This is a place where you should NOT buy a havanese:
http://www.wheatstate.com/~denson/


----------



## Me&2Girls (May 11, 2007)

Also, it's important to consider the size of the sire and dam and whether they come from fast or slow growing lines. My MeMe is just topping the scale at 8 lbs at 10 months but she's from slow growing lines and her mom is just 9 lbs. I would agree that at that size that running the bile acids, especially if you think there is a possibility of Yorkie, before the spay is worth the extra money. Yorkies are known for bile acid problems.


----------



## irnfit (Nov 21, 2006)

Kodi was next to the smallest in his litter and he had his last growth spurt at about 18 mos. He is now about 12.5 lbs at at 2yr 4mos.

We thought Shelby was going to be much bigger. At 11 weeks, she weighed a lb more then Kodi when we got him at the same age. Now at 1yr 5 mos, she is 11 lbs. 4oz.

Kodi is about 11" tall and she is just a little shorter than he is.


----------



## Gracie's Mom (Sep 7, 2007)

Lisa is right about the Bile Acids running high in Yorkies. Actually, it is the Liver Shunt (LS) causing the high Bile Acid Tests. Yorkies are the #1 dog with LS problems. I believe most, if not all, reputable Yorkie Breeders do the Bile Acid Testing because it is such a huge problem in their breed. If you suspect Yorkie could be in your little pup, then I wouldn't even think about size anymore. I would *run* to get that test. Size is not ALWAYS indicator, but it often can.

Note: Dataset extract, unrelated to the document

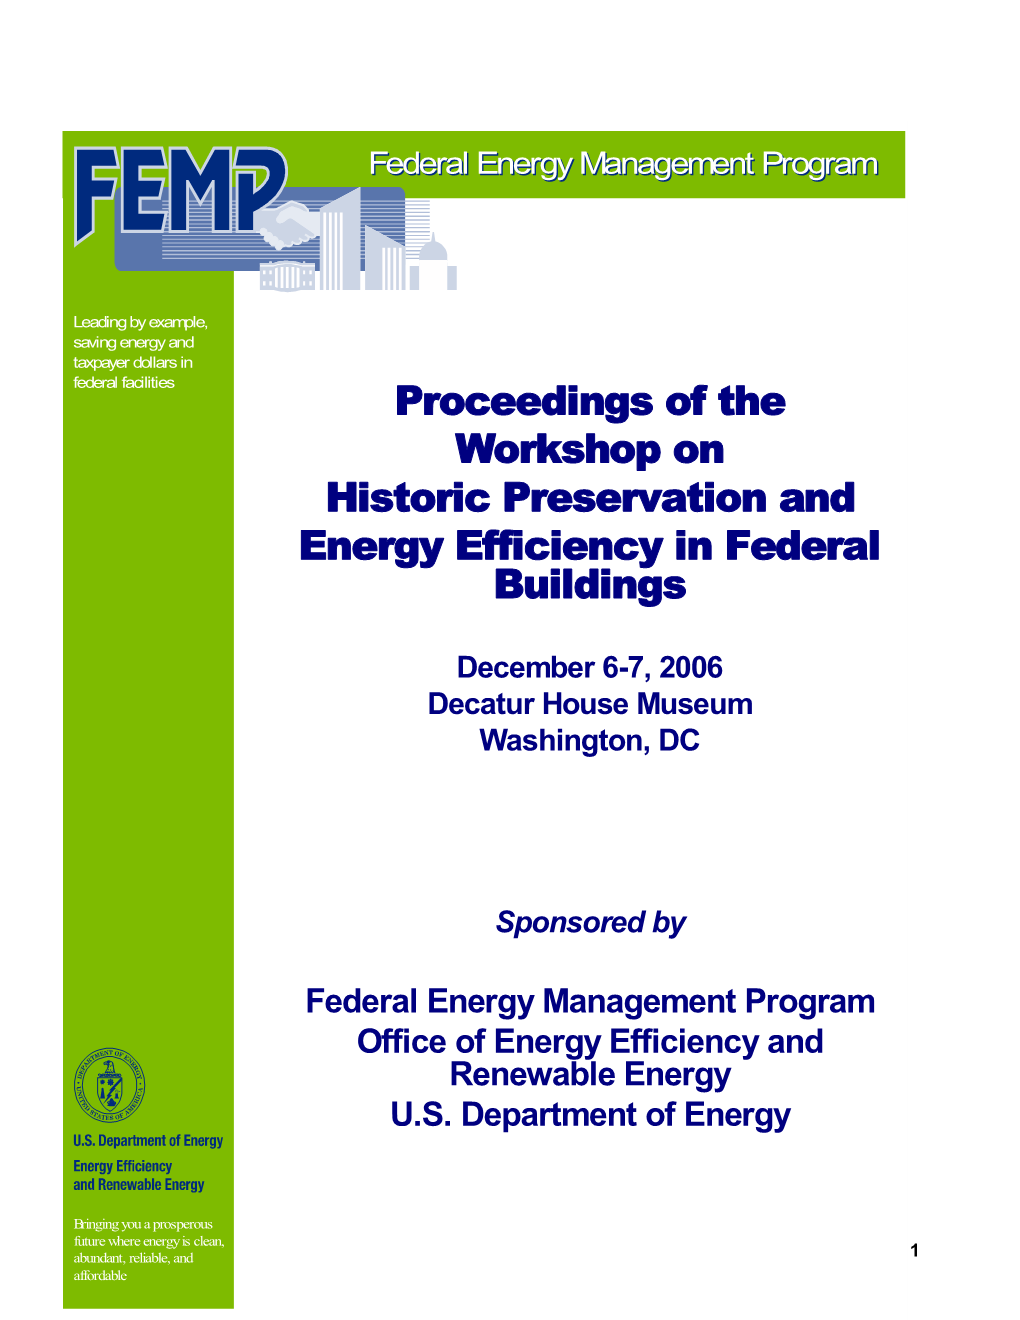 Historic Preservation and Energy Efficiency in Federal Buildings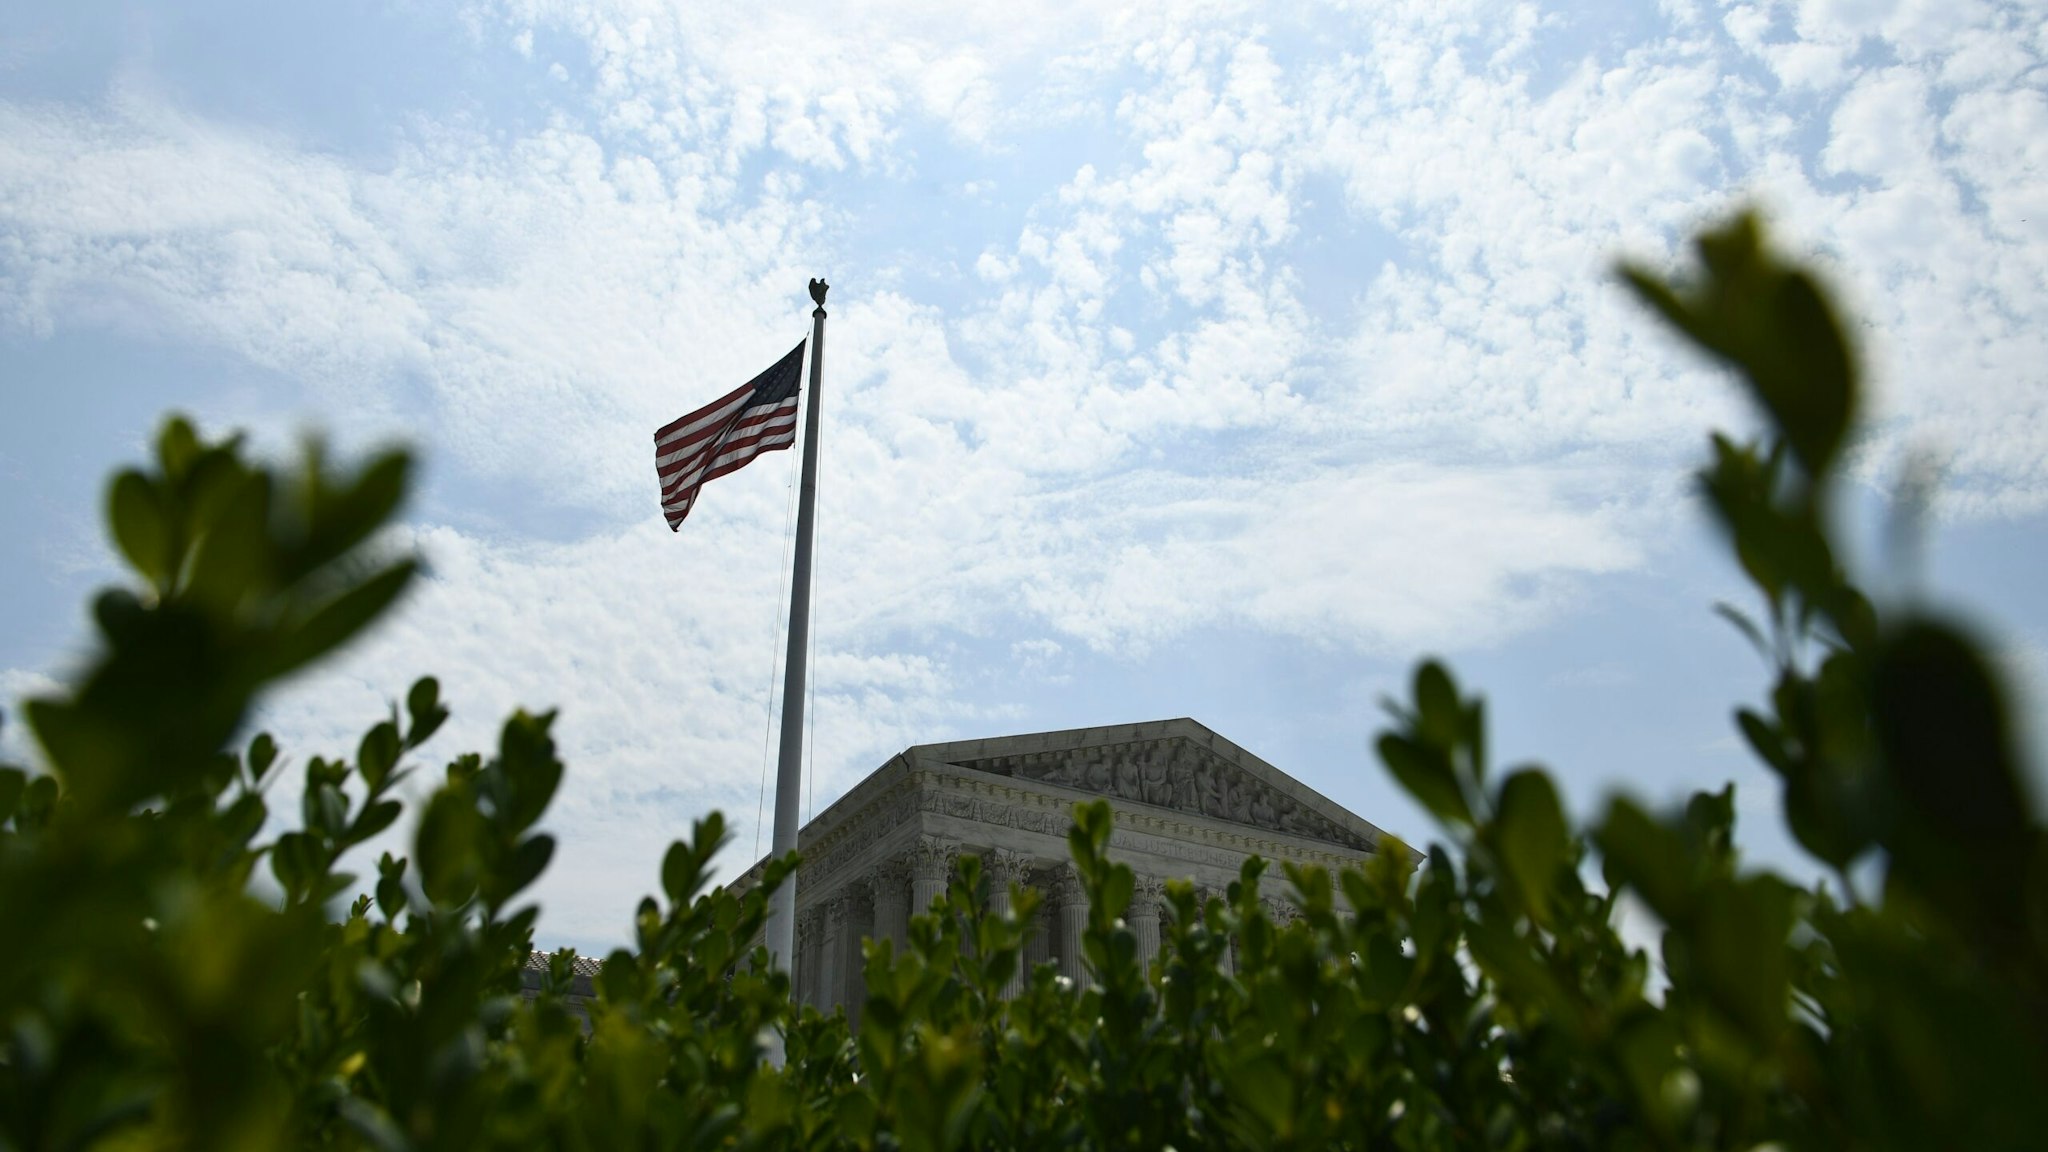 The US Supreme Court is viewed on July 6, 2020 in Washington, DC. - The Supreme Court issued a unanimous opinion on Monday that says states can require Electoral College voters to back the winner of their states popular vote in a presidential election. (Photo by Brendan Smialowski / AFP) (Photo by BRENDAN SMIALOWSKI/AFP via Getty Images)

I don't mean to worry you, I just know it is better to know than harming them not realizing it. There are things they can do for it. This might just be one of those tests that come out perfect, but then you will have peace of mind. I would love to see a close-up of your little guy. We love pictures!!! He sure is cute from your avatar.

Karen


----------



## kawboy (Dec 5, 2007)

Here is a closeup of Tasha's face. I don't really think there is another breed in there but you never know. I hate to admit this but here goes. We had just had our 13 yr. old keeshond put down for health problems that were getting worse. We decided to get a puppy this time, our keeshond was a 1 1/2 yr. old rescue. There is a woman in the area that breeds cavalier king charles and min pins. We went to her house to check things out and her dogs were in the home and everything looked good. She purchased 2 havs from another breeder and assured us she wouldn't buy from anyone who wasn't a responsible breeder. She kept one and was selling the other. When I picked up Tasha she licked my face and snuggled in tight. She wanted to go home and I was in love. We might have been naive in believing this woman about the breeder she bought her from. Only after coming to this site did I find out how much reputable breeders sell hav puppies for. I have the name and number of the breeder but never called them because I don't expect them to tell me anything I wouldn't want to hear. It makes me sick to think we might have unwittingly supported a puppy mill. I don't know that and never will but the possibility exists. Our vet assures us she is very healthy so we can only hope. I should have done some research before buying but then we might not have Tasha. She is a sweetie and we love her no matter what.


----------



## lfung5 (Jun 30, 2007)

Ya know what? All that counts is you love her! I think she looks like a Hav. I don't think you are alone. She looks so sweet. I hope she is always happy and healthy!


----------



## Roe (Jan 5, 2008)

Well I am taking my cavalier back to the breeder tomorrow. The vet did agree that it is nystagmus an eye disorder that she will always has and she does have signs of another devastating illness that is very painful. I just can not take this stress and worry day and night just waiting for more symptoms. Is she sick,is she ok etc. I am a wreck and I can not deal with this . I have been through too much. 
I may go and get that maltese. I would rather put up with some barking then a dog that will be in pain till it dies. I can't handle that. God Bless the owners of these precious dogs who do.

Roe


----------



## Brady's mom (Dec 1, 2006)

Roe, I am so sorry. It sounds like you are doing the right thing. You certainly didn't expect to get a sick puppy. I can only imagine how heart breaking this must be for you.


----------



## kawboy (Dec 5, 2007)

I'm sorry to hear that Roe. Hope you can find another dog that works out for you.


----------



## kawboy (Dec 5, 2007)

lfung5 said:


> Ya know what? All that counts is you love her! I think she looks like a Hav. I don't think you are alone. She looks so sweet. I hope she is always happy and healthy!


Thank you. She is the sweetest little girl and sure seems happy with us. She loves to walk and so do I so we get quality time together.


----------



## Lina (Apr 26, 2007)

Roe, I'm sorry that your puppy had so many problems, though I can definitely understand you returning her to the breeder. It sounded like it was a tough decision for you (as it should be), but I think you made the right one.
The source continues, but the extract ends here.